Rückblickend kann ich sagen, dass jede Vorbereitung nicht genug ist, denn erst vor Ort
erfährt man wirklich, wie es in Mumbai ist. Und so verhält es sich wohl mit jeder anderen
Stadt auch. Am besten lernt man die Stadt über seine Einwohner kennen. Wenn man nur das
äußerliche Erscheinungsbild sieht, dann wirkt Bombay abschreckend laut, unhygienisch,
chaotisch und furchtbar stressig. Doch wenn man seine Freunde hat, wenn man seine Orte
hat, wo man sich wohl fühlt, wenn man etwas Abenteuerlust hat, dann macht diese Stadt
einen Riesenspaß. Natürlich hat man trotz allem zeitweise mit Magenkrämpfen, mit Fieber
und Übelkeit, mit Diarrhö zu kämpfen, da man das Essen und die Bakterien im Essen, im
Wasser und in der Luft nicht gewohnt ist. Auch hat man mit dem vielen Verkehr und der
Lautstärke, außerdem mit dem Smog zu kämpfen. Und die Bettler, die unter übelsten
Bedingungen leben, die Verstümmelten.

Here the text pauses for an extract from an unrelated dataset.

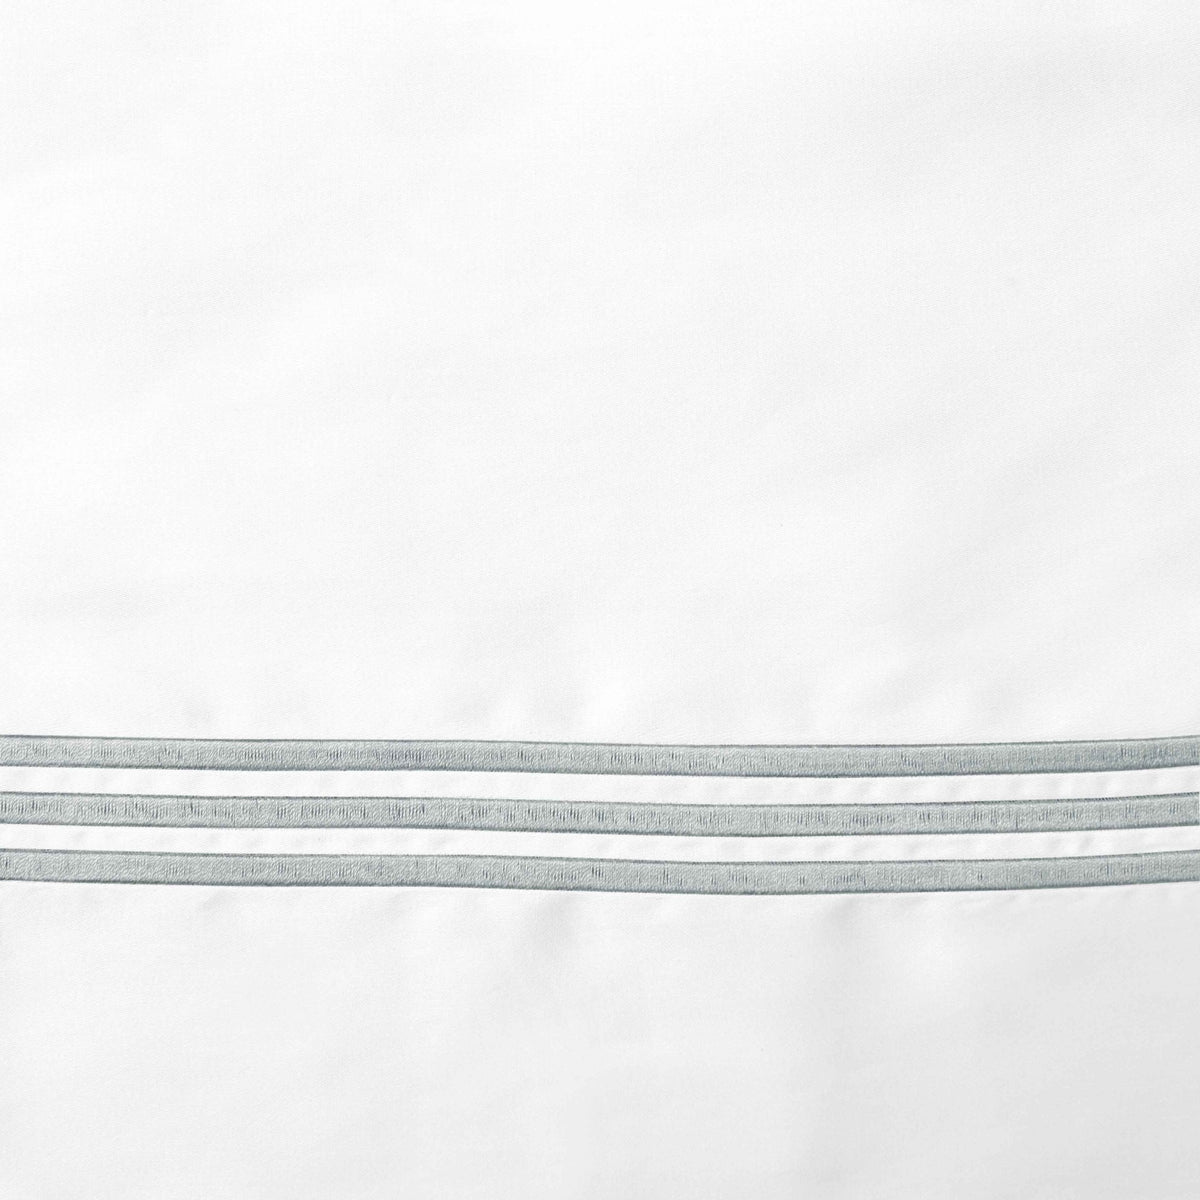 Swatch Sample of Signoria Platinum Sateen Bedding in White/Wilton Blue Color

Der viele Schmutz und Müll, der die ganze Stadt zu
bedecken scheint. Es ist ein Dschungel, in dem sich nicht jeder wohlfühlen kann. Doch die
Energie, der Geist der Stadt ist äußerst packend und man spürt das Leben hautnah, man
fühlt sich lebendig. Daher kann ich die Stadt trotz widriger Umstände durchaus empfehlen.

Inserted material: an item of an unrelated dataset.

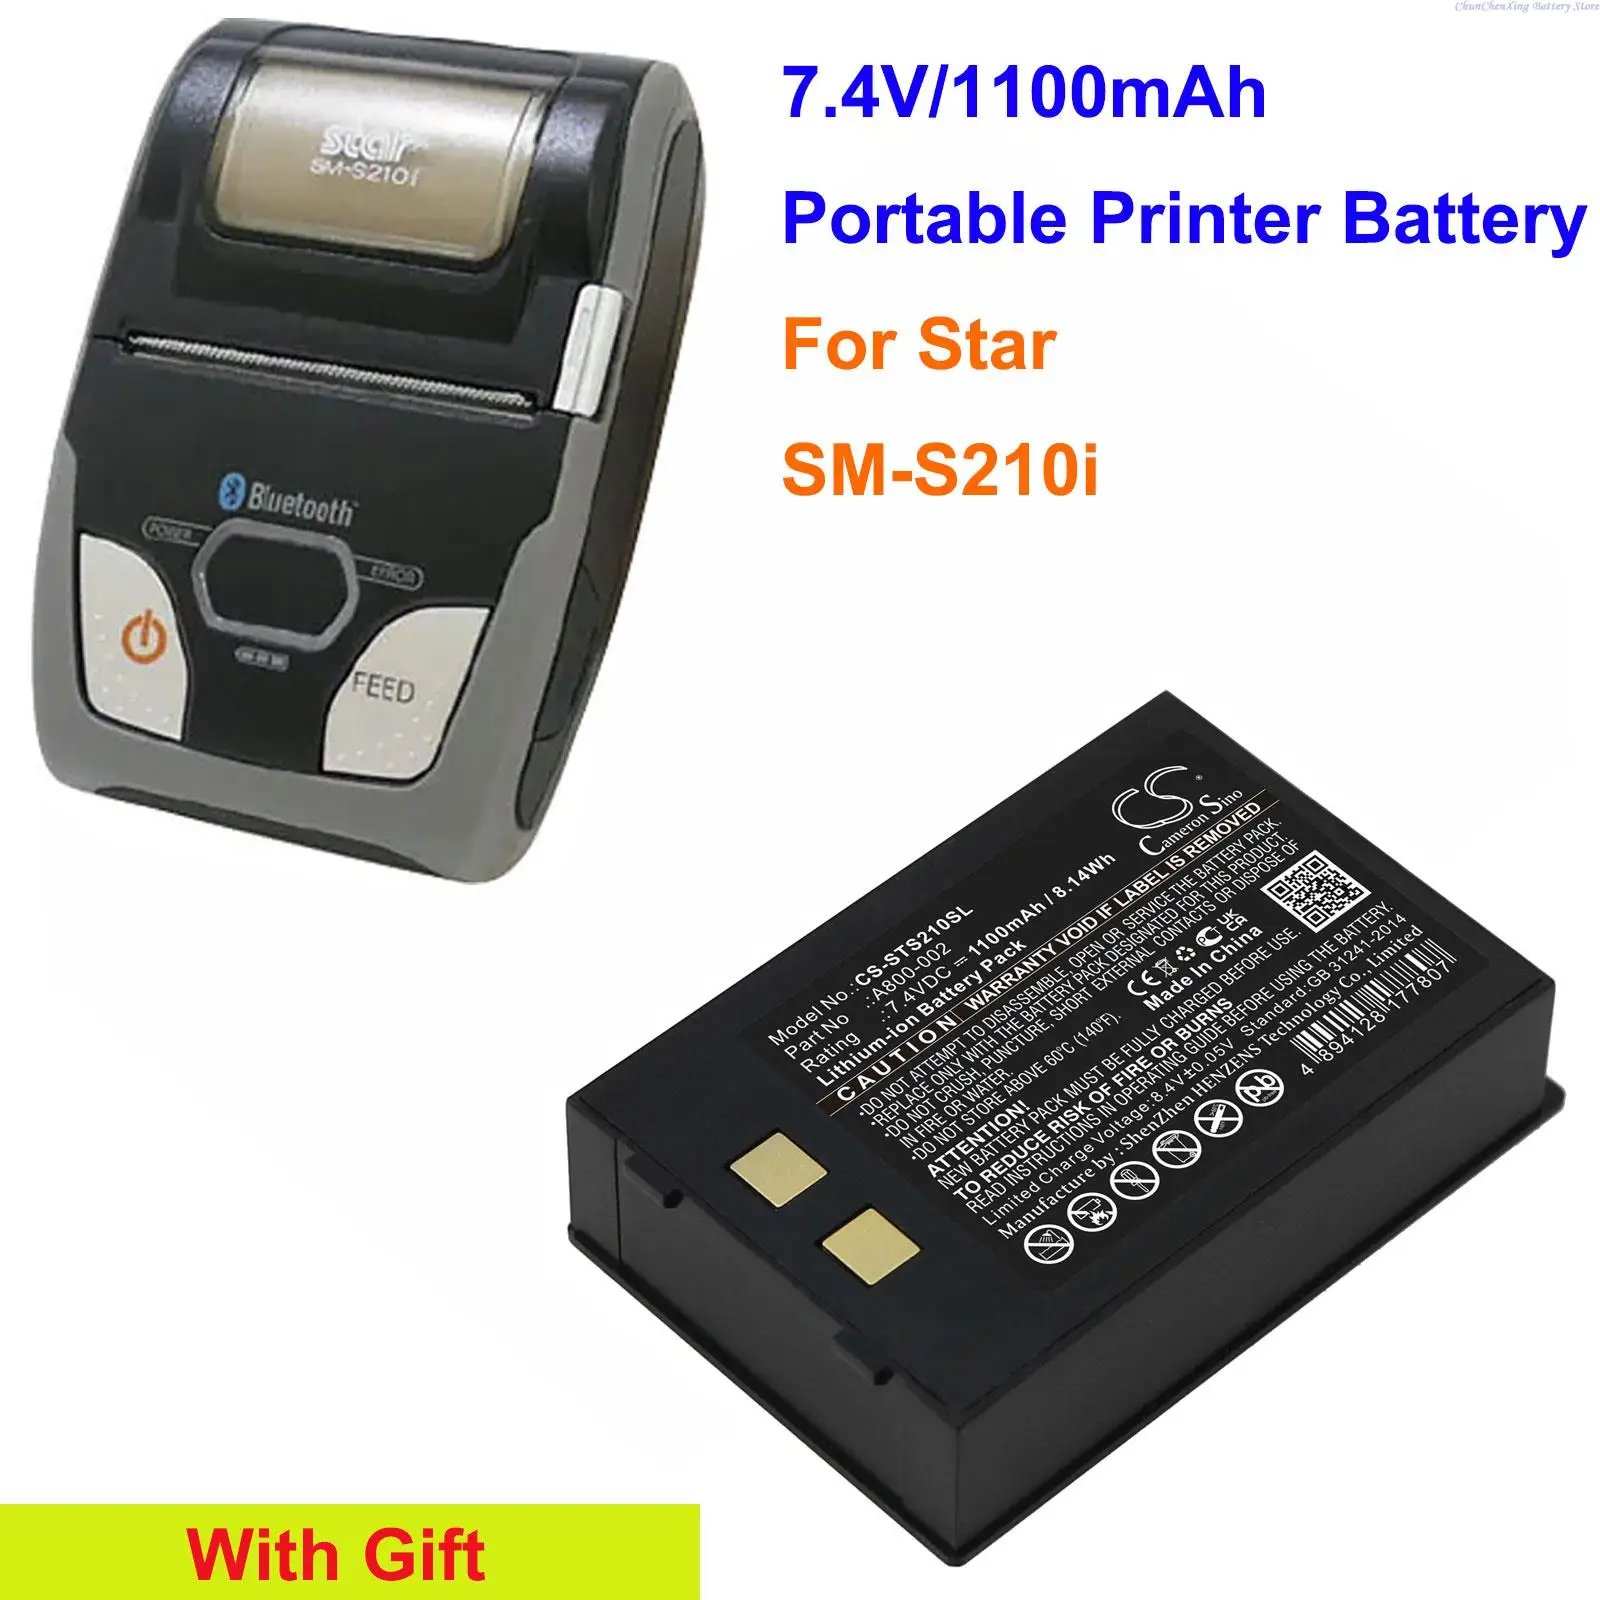 

Cameron Sino 1100mAh Portable Printer Battery A800-002 for Star SM-S210i

Auch das Praktikum am Goethe-Institut kann einen Riesenspaß machen, wenn man sich
engagiert und sich für Kunst und Musik sowie Literatur interessiert und natürlich für die
Organisation von Ausstellungen und Konzerten. Die Arbeitsweise dürfte international relativ
dieselbe sein, wenn auch politische und gesellschaftliche Umstände natürlich die
Arbeitsweise beeinflussen. Die Atmosphäre ist, so habe ich gehört, von Institut zu Institut
sehr verschieden. Darüber sollte man sich womöglich im Vornherein informieren. Bombays
Goethe-Institut und deren Mitarbeiter kann ich jedoch nur wärmstens empfehlen. Es ist sehr
familiär, alle sind sehr freundlich und hilfbereit.